Calling Jesus the “Word” evokes the many varied meanings of “the word of God” found in the biblical traditions. The word of God conveys energy and power. Word and deed go together. In the creation account, God creates by speaking the word. In the prophetic tradition, “the word of God came to …” (eg, Joel 1:1) challenging and propelling into action. The word of God is a life-giving factor (Deuteronomy 32:46-47); has power to heal (Psalm 107:20); and is a light for the people (Psalm 119:105). Many times, the word is shown to have a seeming existence of its own, carrying out an independent, personal function (Isaiah 55:11).

Wisdom-Sophia

The Word theology, outlined above, would be familiar to first century hearers of the prologue. In contrast, they would have been surprised by John’s particular telling of the story of Jesus because the male Logos (the Word) is being spoken about in the way the Wisdom Books speak of the female figure, Wisdom-Sophia. The one declared to be with God from the beginning (John 1:1), pre-existent with God and through whom “all things” (pánta) came to be, is named not as female Wisdom-Sophia (Proverbs 8:22-25) but the male Logos. The Logos is source of life (John 1:9) instead of Sophia (Wisdom 8:13).

All things

By Plato’s time, the word pánta, all things, was one of several ways of naming the universe. In the Wisdom traditions it refers to the other-than-human creation (Wisdom 7:15-22). The narrator in Wisdom 9:1–2 addresses God: you “have made all things by your word, and by your wisdom have formed humankind.” Thus, the word and wisdom, along with humankind and “all things,” are linked. Sophia “pervades and penetrates all things” (7:24), and “can do all things” and “renews all things” (7:27).
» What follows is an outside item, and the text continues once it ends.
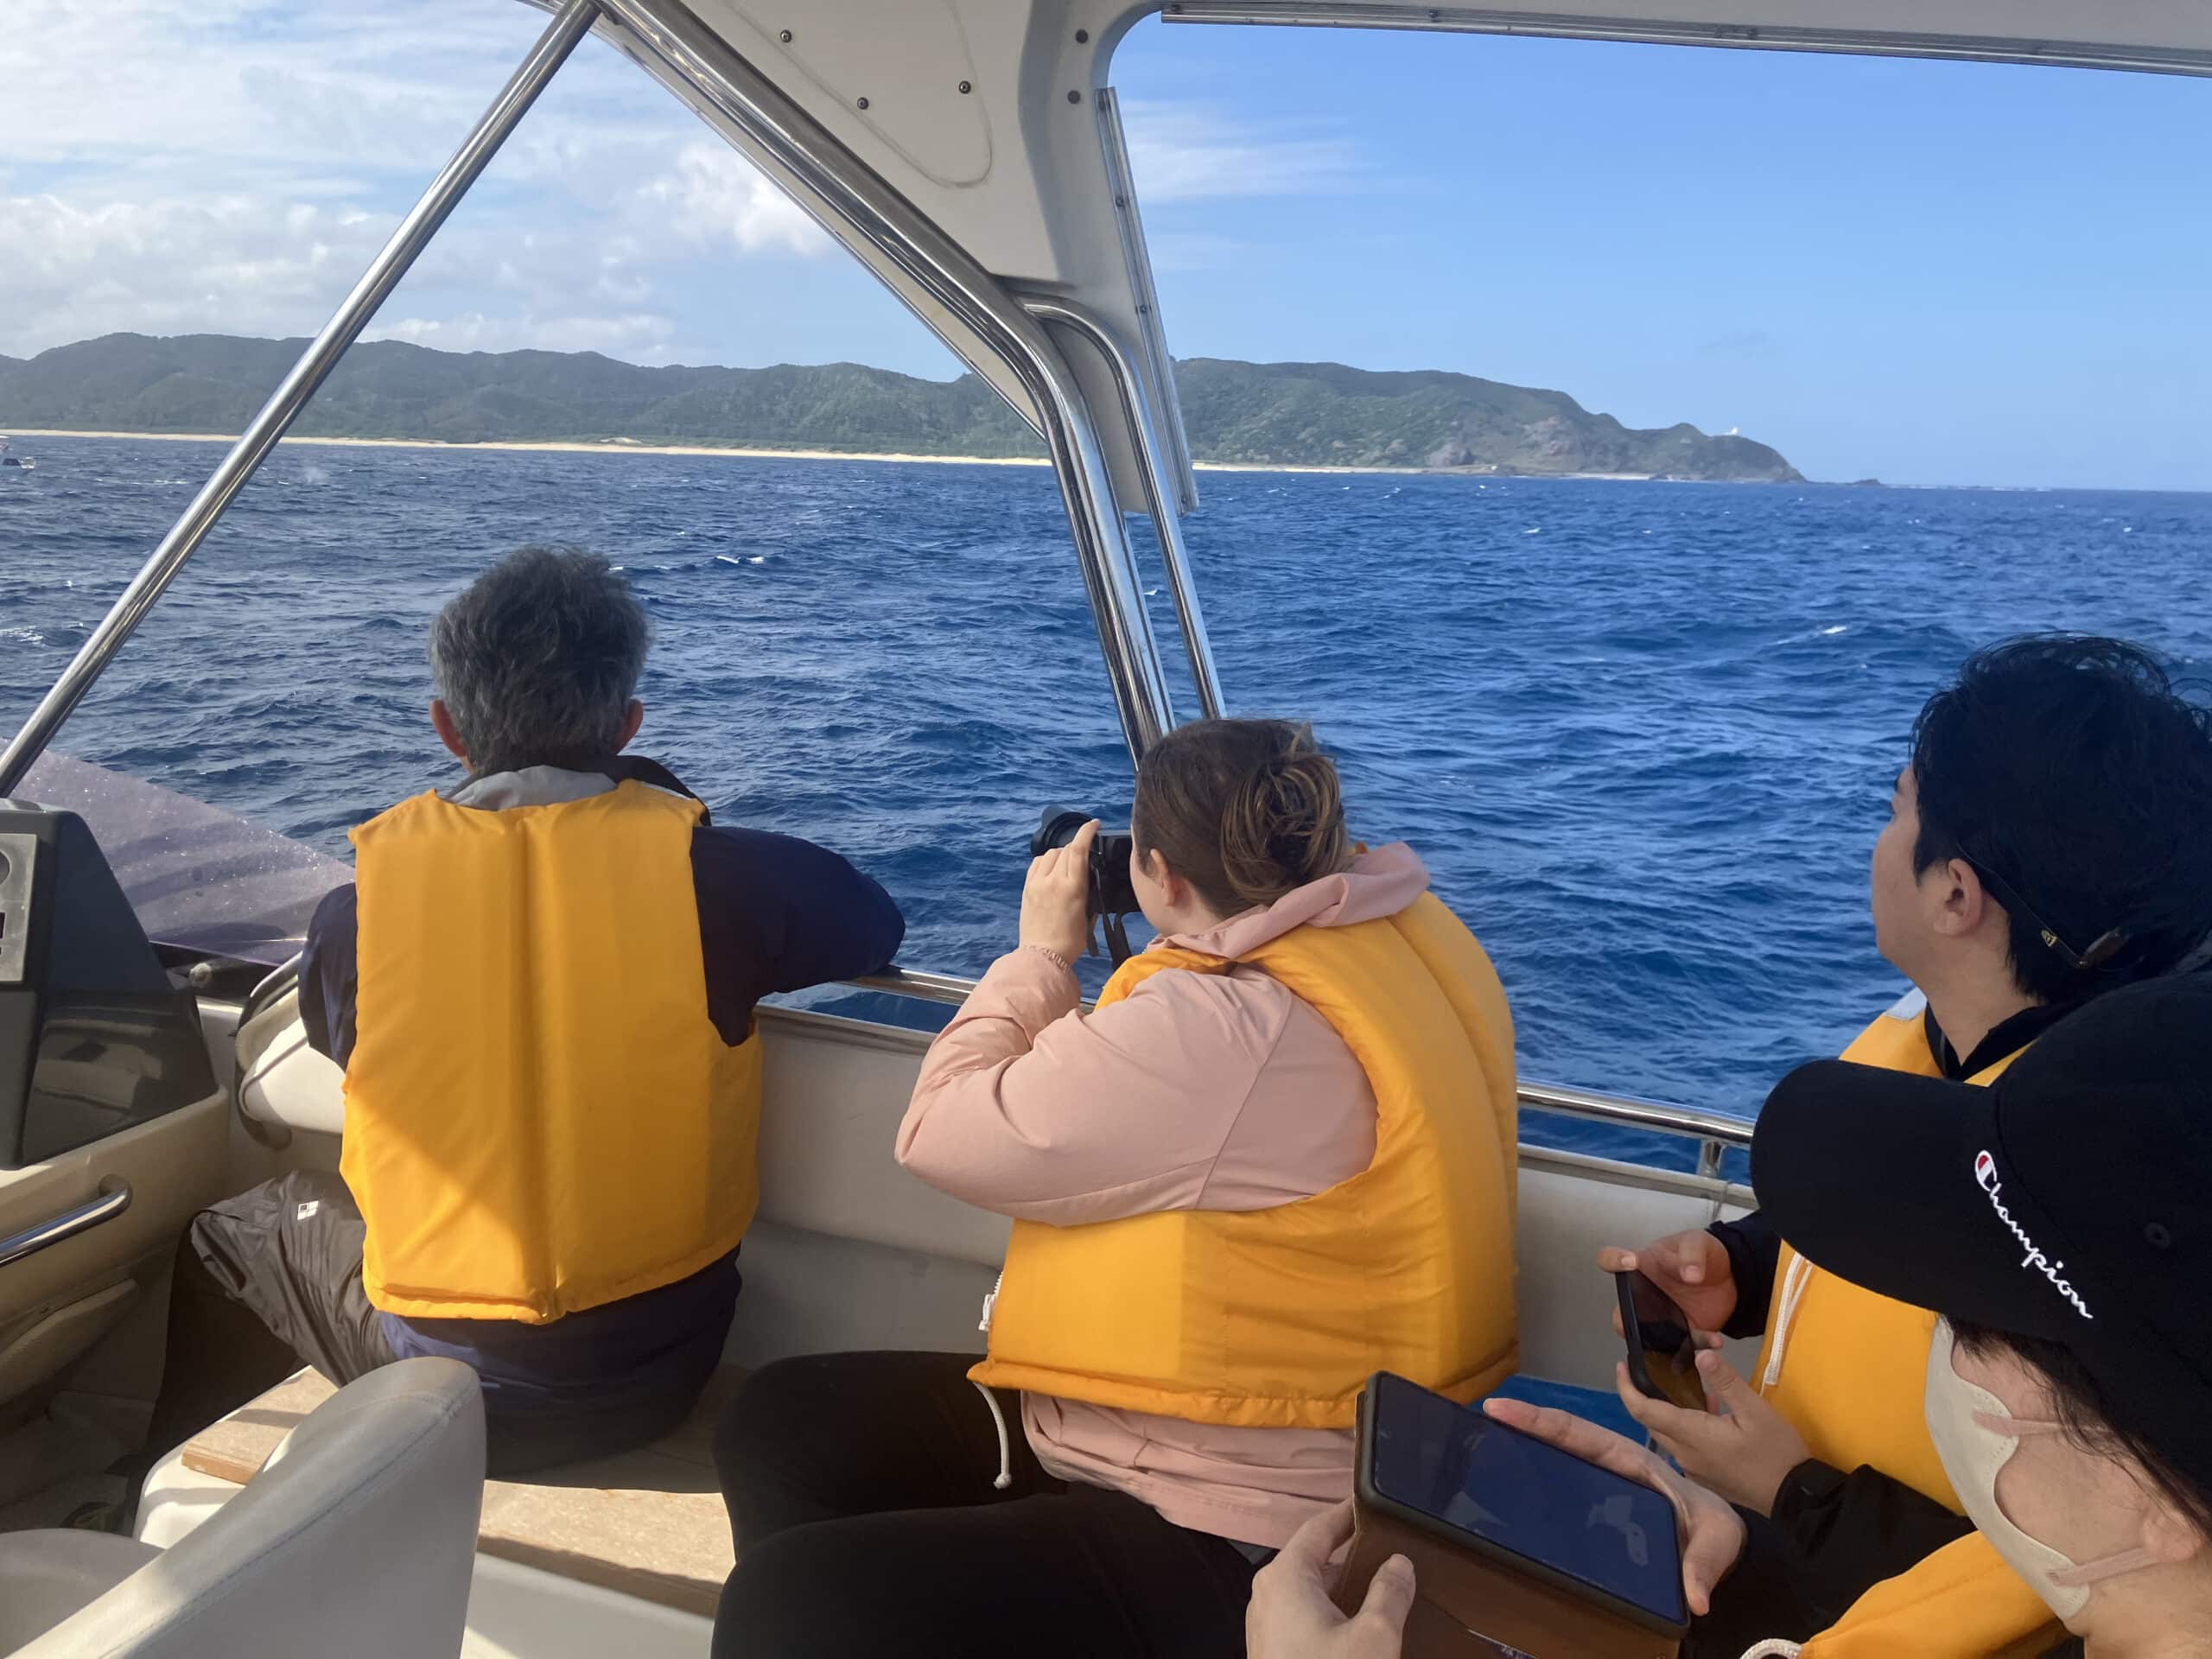 Participants searching for whales.

Sophia, reaching from one end of the earth to the other, “orders all things well” (8:1). 

Because “she is an initiate in the knowledge of God” wisdom is “the active cause of all things” (8:4–5). This biblical use of the phrase, “all things,” to convey a sense of the cosmos, matches a similar phrase, “holds all things together,” found in ancient Stoic philosophy to express a concept for a divine bond that unified the world. In summary, in the divine Sophia, the Hellenistic intellectual tradition of a unified cosmos is expressed in biblical terms.

The Word became flesh

The becoming of Jesus is not expressed as a birth. Instead, “the Word logos became flesh sarx) and lived among us” (literally pitched a tent in us). Sophia pitched her tent (Sirach 24:8) and “appeared on earth and lived with humankind” (Bar 3:37) but never became flesh as Jesus does. It is significant that the prologue states that Jesus became not “a man”, or even “a human person”, but flesh sarx.
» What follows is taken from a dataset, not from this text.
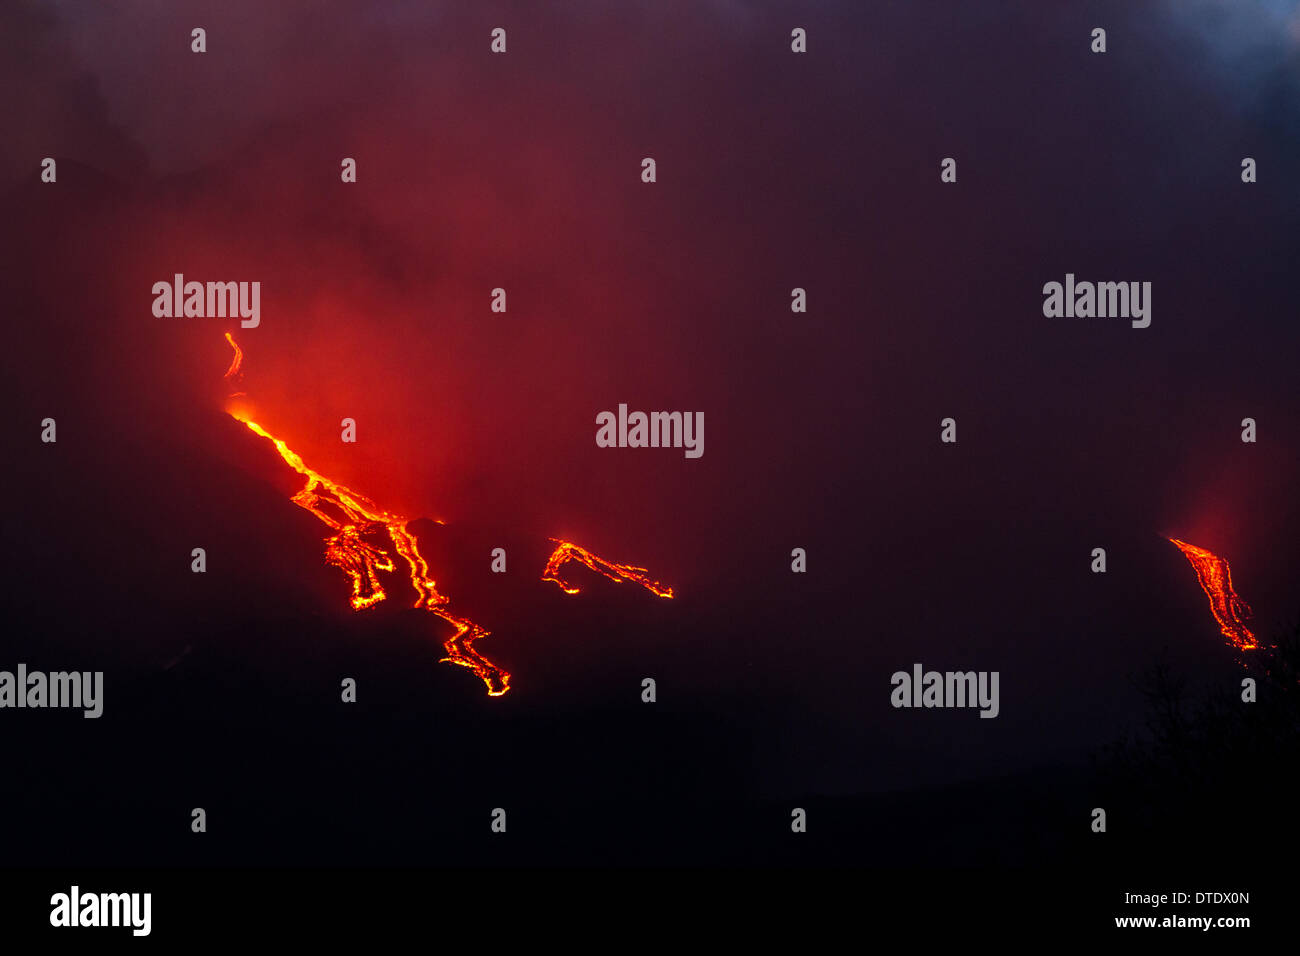 More explosions in the night and lava flow Stock Photo

In classical and biblical writings sarx has a range of meanings, among them a strand linking humans persons with other living creatures. Often the word “all” is inserted. God’s continuing relationship with creation is with “all flesh” - not just human persons. In the flood, the focus is on “all flesh” (Gen 6:13-22; 7:15-16,) and later the covenant is made with “all flesh” (Gen 9:8–11). God sustains “all flesh” (Ps 136:25) and “all flesh” praises God (Ps 145:21).
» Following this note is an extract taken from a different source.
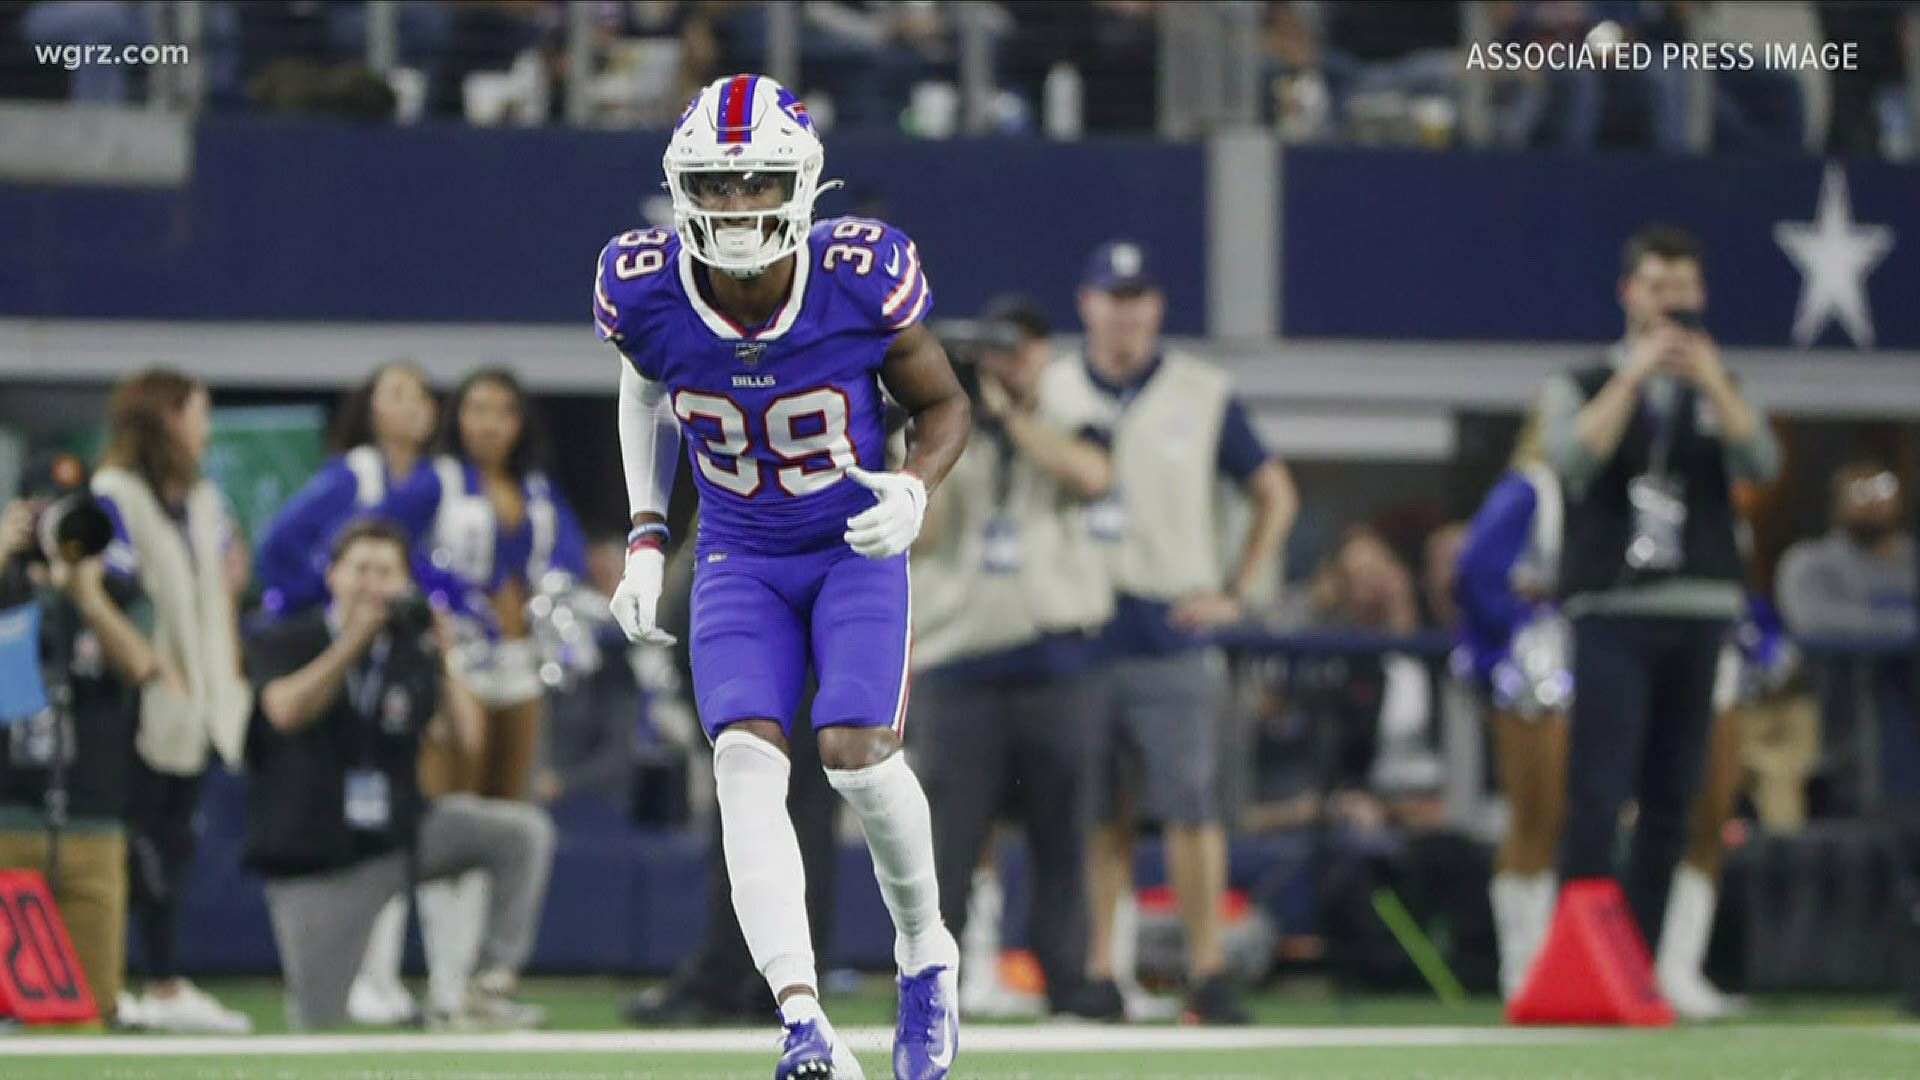 Bills cornerback hosting live Fortnite stream to raise funds for the American Cancer Society

In John’s prologue the Incarnation is not a one-off event to be celebrated at Christmas. The interconnections of biblical and ancient cosmologies are reshaped in order to insert Jesus, the Word made flesh, into an evolving understanding of our incarnate, dynamic God and the universe. Creation and Incarnation are interrelated.

The French philosopher, Remi Brague, explains how ancient cosmologies link cosmology and the human person. Cosmology is linked to a wisdom in this world leading to contemplation, which leads to ethical action. Read in this way the prologue speaks of a long, enduring love story of the ever-unfolding interconnection of God, the cosmos, flesh and “all things.”

The wonder and beauty of this understanding affirms and challenges the 21st century-reader to live wisely, caring for our cosmic home on Earth with its complex, evolving, beautiful, suffering and global world.


Published in Tui Motu Magazine December 2015.